KV cache is a mechanism to cache repeated calculations during model inference. During inference, for each new token generation, we use a new set of key, value and query vectors. But given the fact that that the existing tokens stay the same, the vectors associated with their values do not need to be recalculated. The only thing new is the vectors associated with the new token, or more precisely, the new part of the existing vectors that have grown in size. Therefore, we cache these intermediate key and value vectors to accelerate inference speed. In this entry, we prove why we can cache key and value vectors in causal attention.

To illustrate this repeated calculations consider the following example:

import torch
import torch.nn as nn

First, we setup a simple causal attention mechanism implemented in a previous post. The input has 6 elements.

torch.manual_seed(123)
inputs = torch.tensor(
    [
        [0.43, 0.15, 0.89],
        [0.55, 0.87, 0.66],
        [0.57, 0.85, 0.64],
        [0.22, 0.58, 0.33],
        [0.77, 0.25, 0.10],
        [0.05, 0.80, 0.55],
    ]
)
key_embeddings = nn.Parameter(torch.rand(inputs.shape[1], inputs.shape[1]))
query_embeddings = nn.Parameter(torch.rand(inputs.shape[1], inputs.shape[1]))
value_embeddings = nn.Parameter(torch.rand(inputs.shape[1], inputs.shape[1]))
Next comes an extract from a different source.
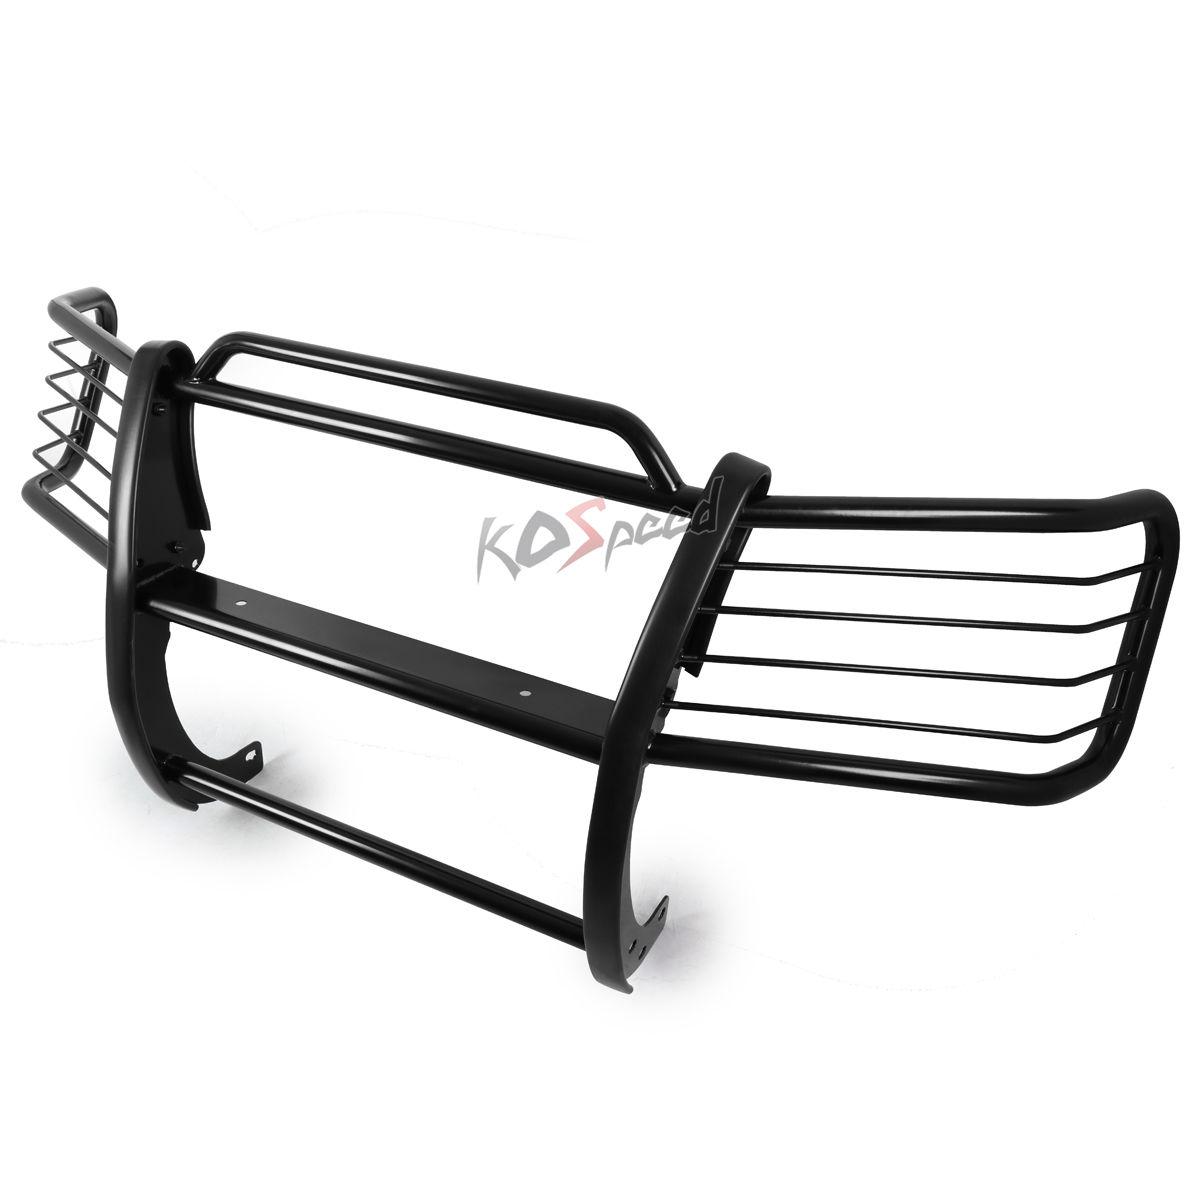 グリル 98-04 S10ブレイザー/ S15ソノマ用ブラックマイルドスチールブラシグリルガードフレームバー Black Mild Steel Brush Grille Guard Frame Bar for 98-04 S10 Blazer/S15 Sonoma

We write a function to calculate the context vector:

def calculate_context_vector(
    inputs, key_embeddings, query_embeddings, value_embeddings
):
    keys = inputs @ key_embeddings
    queries = inputs @ query_embeddings
    values = inputs @ value_embeddings
    attn_scores = queries @ keys.T
    context_length = attn_scores.shape[0]
    mask = torch.triu(torch.ones(context_length, context_length), diagonal=1)
    masked = attn_scores.masked_fill(mask.bool(), -torch.inf)
    attn_weights = torch.softmax(masked / keys.shape[-1] ** 0.5, dim=1)
    context_vec = attn_weights @ values
    return context_vec

We calculate the context vector for all the input elements

ctxt = calculate_context_vector(
    inputs, key_embeddings, query_embeddings, value_embeddings
)
ctxt
tensor([[0.4976, 0.9655, 0.7614],
        [0.7674, 1.2199, 1.2528],
        [0.8186, 1.2667, 1.3497],
        [0.7324, 1.1287, 1.2029],
        [0.6963, 1.0718, 1.1713],
        [0.6824, 1.0370, 1.1307]], grad_fn=<MmBackward0>)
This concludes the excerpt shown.